Unfortunately, that message was the wrong one.
The recent mail-in advisory vote on cocurricular activities could have been a golden opportunity to tell the rest of the state that the Kenai Peninsula is willing to pony up a little more when it comes to education funding.
Instead, voters by a 68-vote margin said they care more about protecting their pocketbooks than the future of the area's young people.
Had the measure passed, the borough assembly would have been advised that they should look "outside the cap," or above the amount municipalities are allowed to contribute to school operating budgets. The proposition asked voters if they supported the borough spending up to .5 mills or about $2.1 million to fund student activities such as sports, drama and after-school academic clubs.
Half a mill is equal to $50 in property tax for every $100,000 of property someone owns.
Following the vote, the board of education passed a budget that includes no funding for cocurricular activities.
Does this mean an end to high school sports, plays and concerts? Probably not. The Alaska Legislature is looking at a bill that could give the borough enough money to replace some of its cocurricular funding.
But that's not guaranteed.
What's also not guaranteed is that funding for these activities will be available in the future. Since the Legislature is unlikely to include any kind of guarantee to increase the per-student funding rate in the future, this same issue likely will come up again.
Had the cocurricular measure passed, it would have sent a message to Juneau that the Kenai Peninsula feels strongly enough about education funding that its residents are willing to pay a little bit more to see that our students get the most well-rounded school experience possible.
Would the politicians have taken that message to heart? That's hard to say. But at the least, they would have had a hard time ignoring the vote.
Some who voted "no" have laid out their arguments both in the pages of this newspaper and in other public forums. Their arguments range from "I don't have kids, so why should I pay?" to "Why doesn't the school system tighten its belt?" to "What's wrong with getting back to the basics of readin', ritin' and 'rithmetic?"
While these are all valid arguments, they're each flawed and require an answer.
First, the children of the Kenai Peninsula belong to us all. The future of this area depends on its youth, and providing a solid educational background is the duty of the entire community not just those with children in school.
Second, the school district has consistently been cutting its budget in recent years, to the point where teachers are being laid off and more cuts to services are being made. There are even proposals on the board to shut down entire schools. If this isn't belt-tightening, what is?
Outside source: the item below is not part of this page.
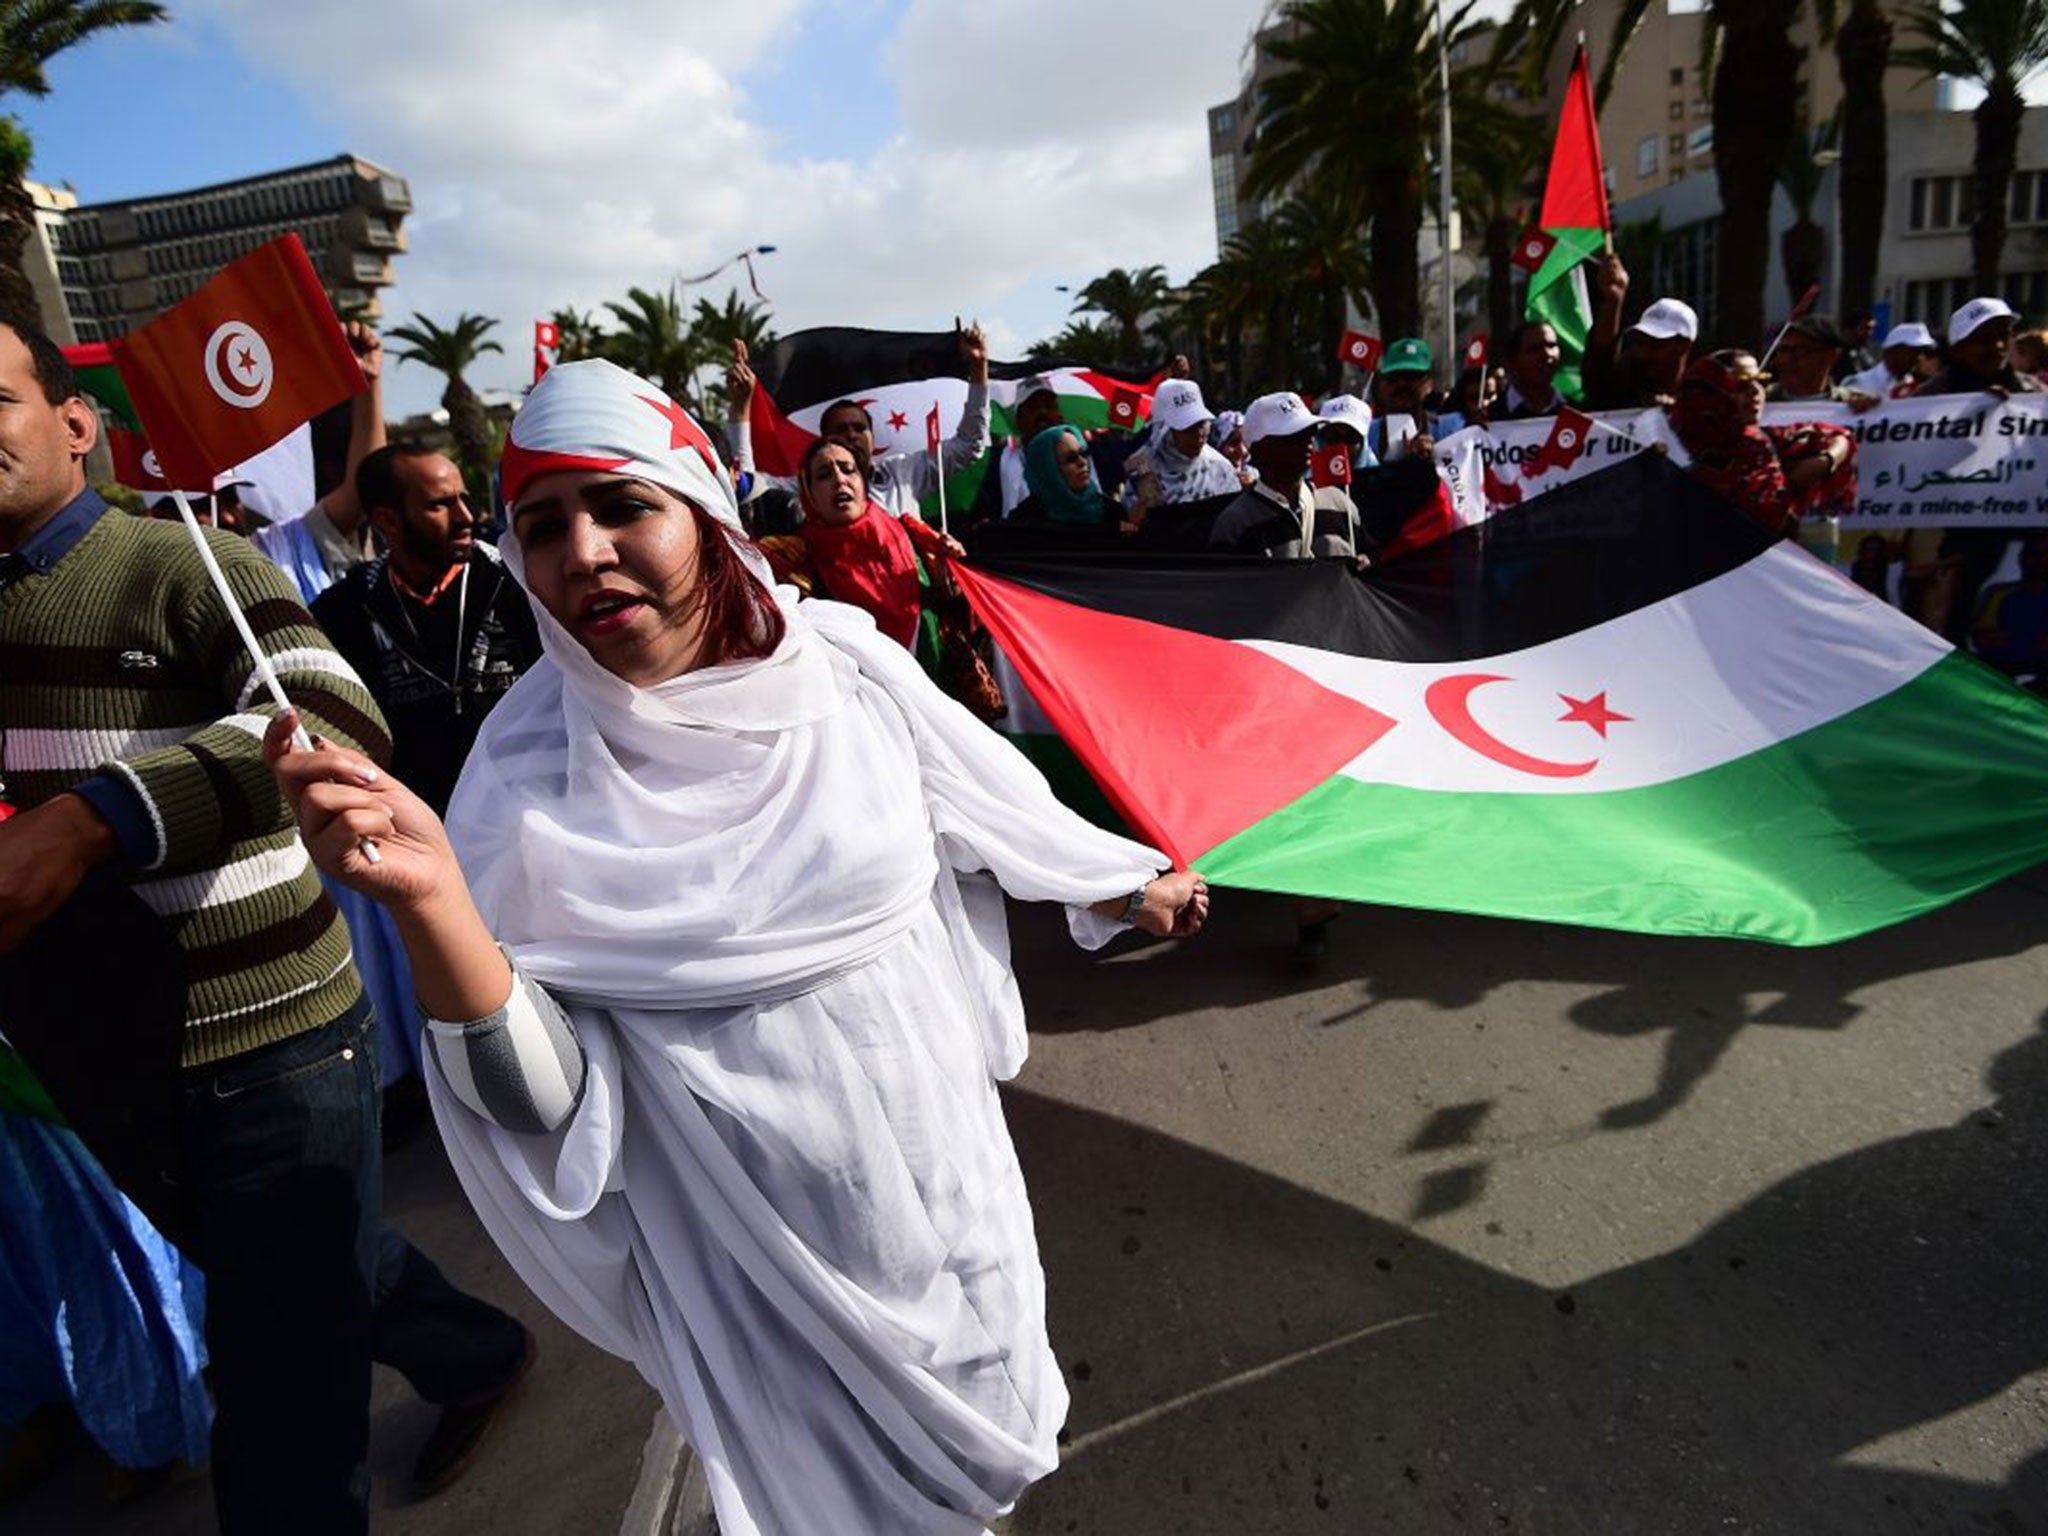 Activists for the independence of the Western Sahara wave flags and banners during a protest

Third, education is simply more than the "three R's." Students who are in after-school activities be they band, track or cheerleading are more likely to attend school, get passing grades and be more involved with their fellow students and the community. Many students remain in school solely for these activities, and many would likely end up dropping out or causing trouble if it weren't for these programs.
Supporting education is something voters ask of candidates each election cycle, and it consistently ranks as one of voters' highest priorities. Yet, when it came time to pay a little more to help ensure that quality education continues here on the peninsula, the voters said they'd rather have someone else pay the price.
This was the wrong message to send the assembly, the Legislature and most importantly the students.